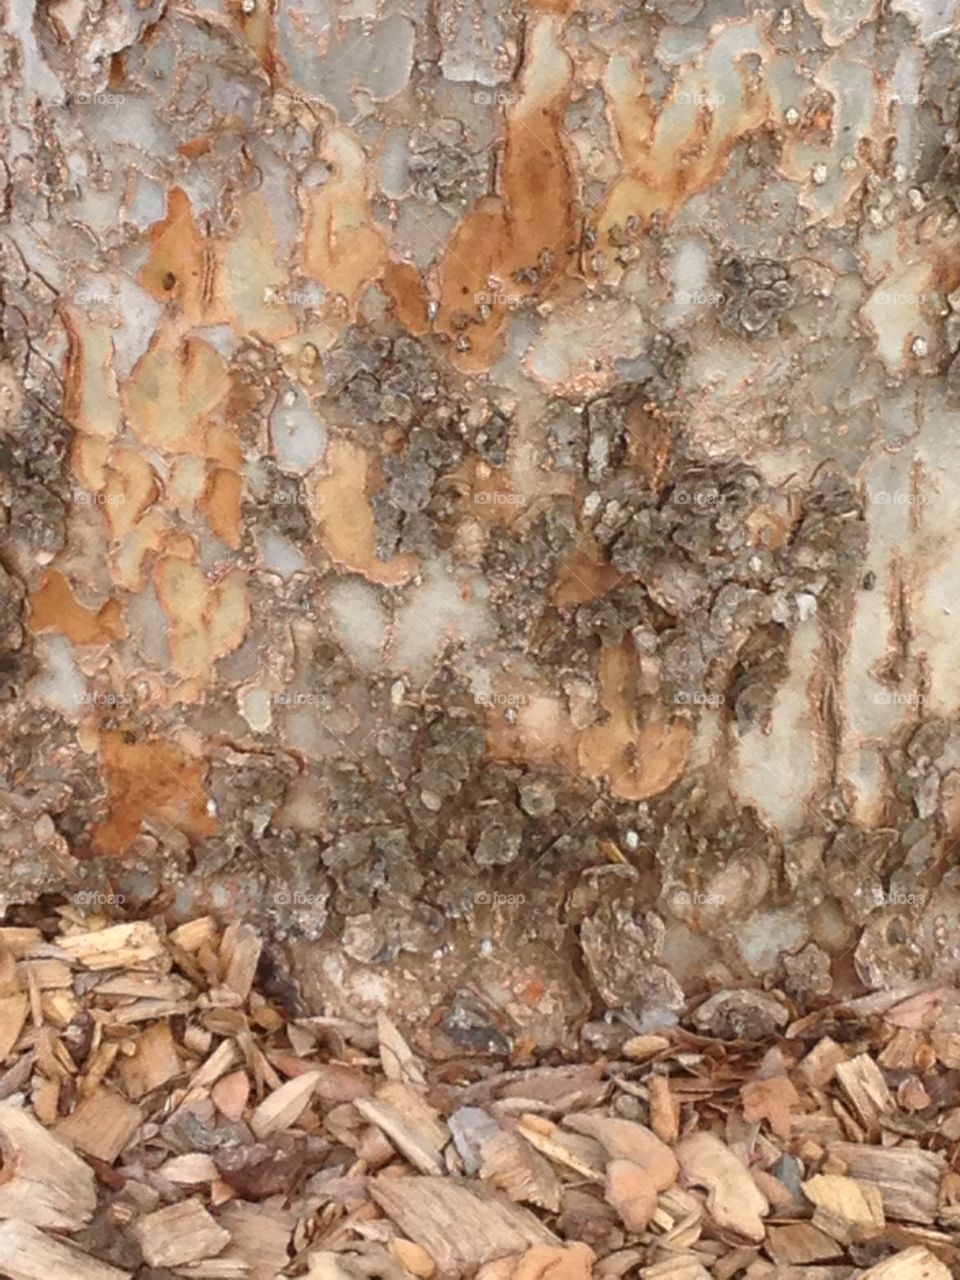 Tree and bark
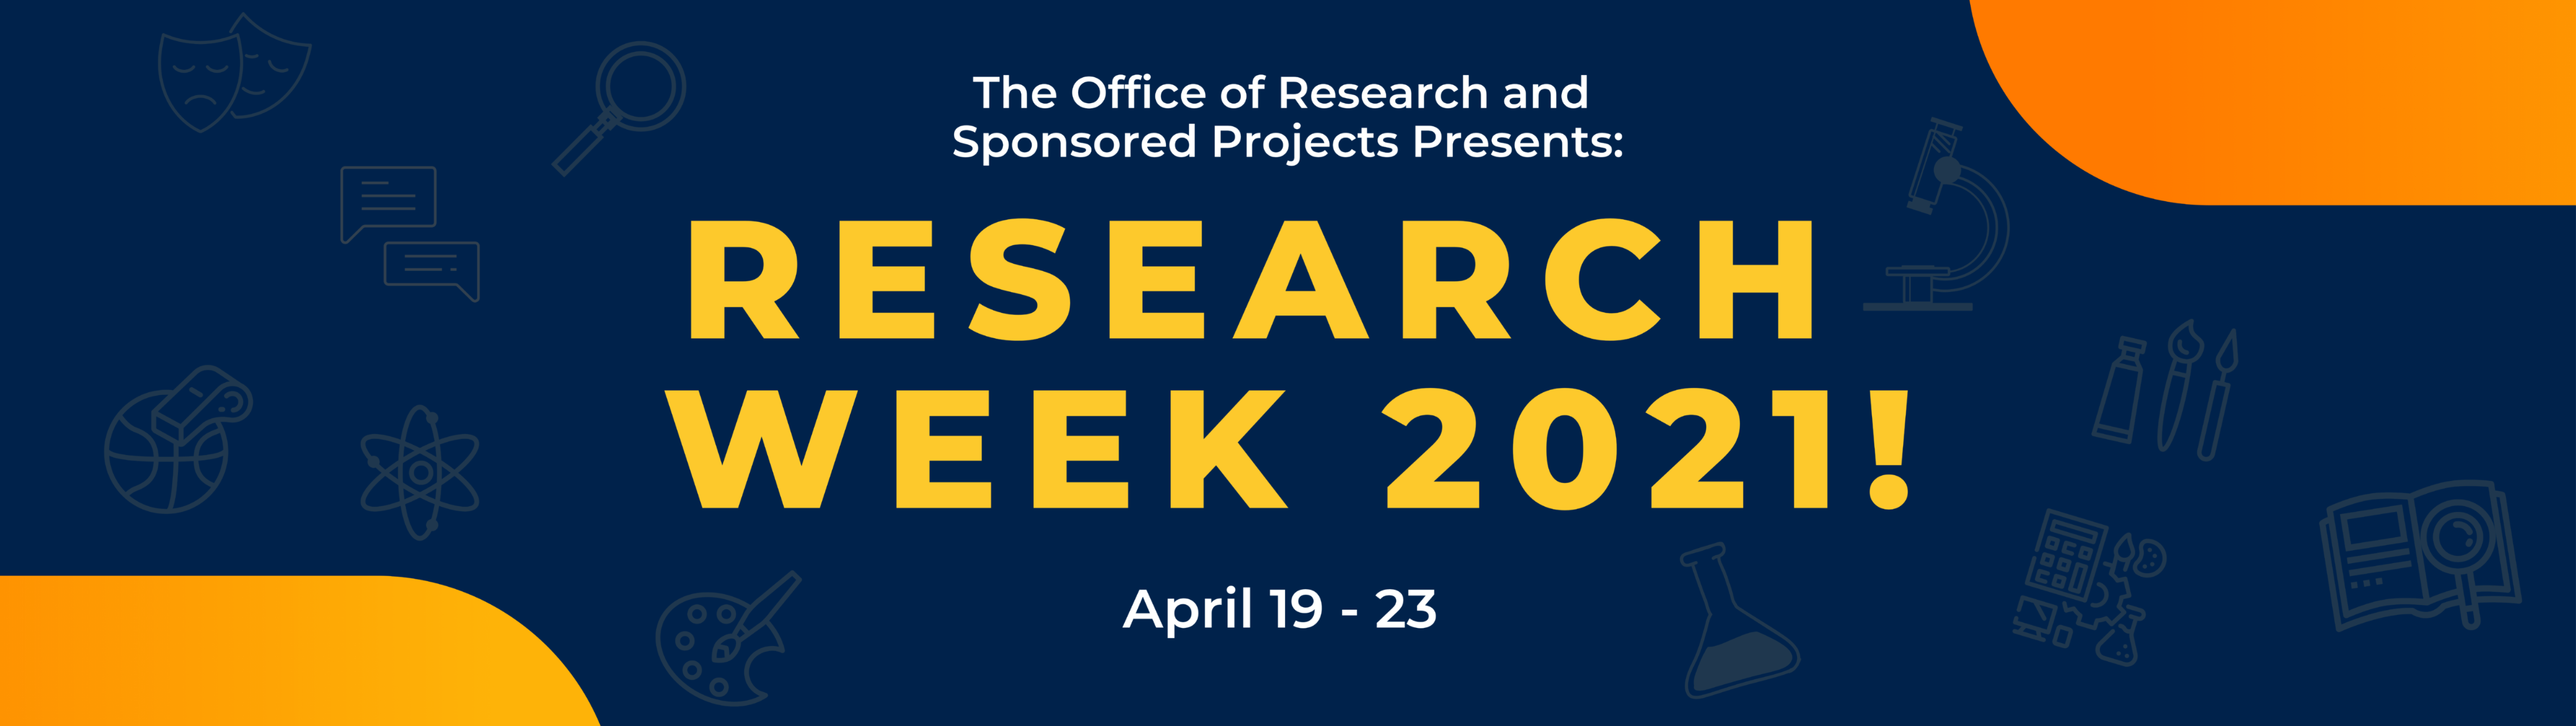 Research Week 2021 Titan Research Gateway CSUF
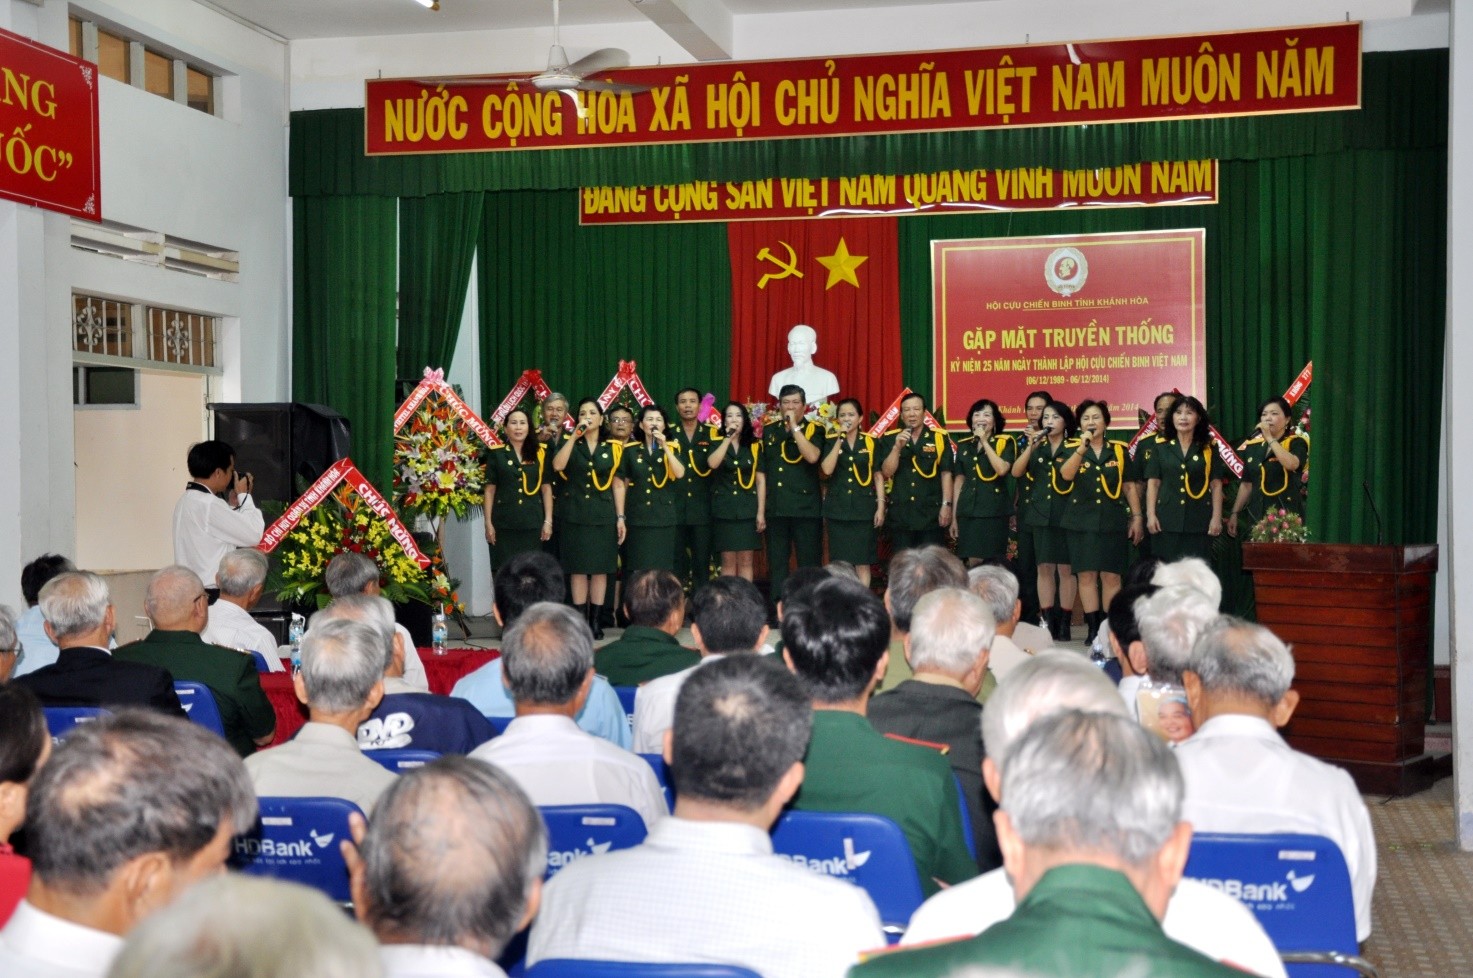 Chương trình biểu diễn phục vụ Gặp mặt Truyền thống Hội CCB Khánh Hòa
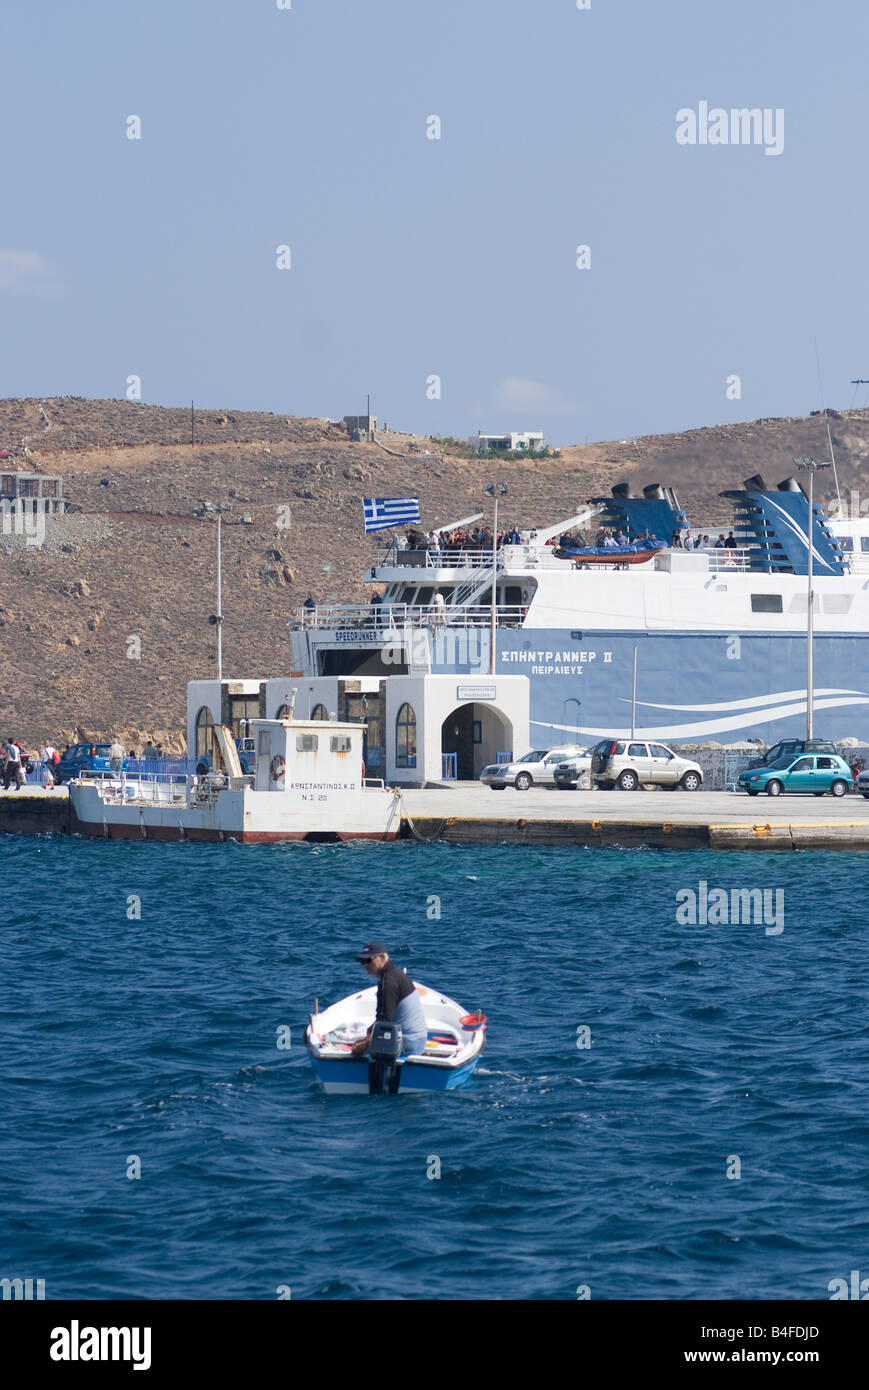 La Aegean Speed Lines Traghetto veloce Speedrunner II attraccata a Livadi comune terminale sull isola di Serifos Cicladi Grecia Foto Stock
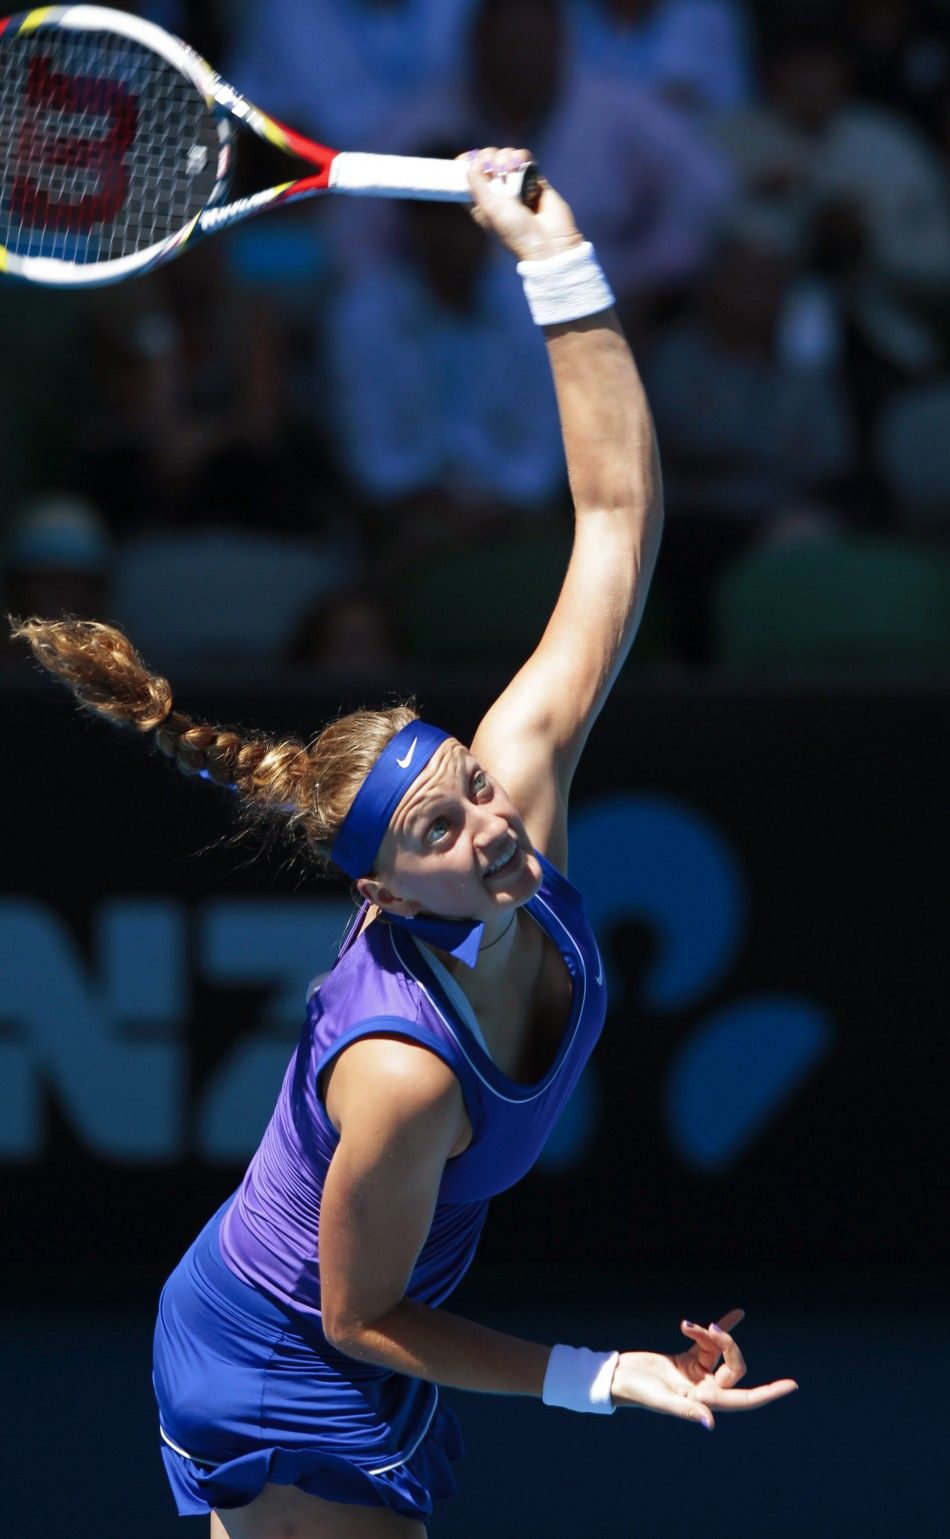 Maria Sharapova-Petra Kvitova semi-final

■ Problem requirements ■
Leave nothing out but the pictures when transcribing the records.

■ Answer for the task ■
 Tree and bark
 Research Week 2021 Titan Research Gateway CSUF
 Chương trình biểu diễn phục vụ Gặp mặt Truyền thống Hội CCB Khánh Hòa
 La Aegean Speed Lines Traghetto veloce Speedrunner II attraccata a Livadi comune terminale sull isola di Serifos Cicladi Grecia Foto Stock
 Maria Sharapova-Petra Kvitova semi-final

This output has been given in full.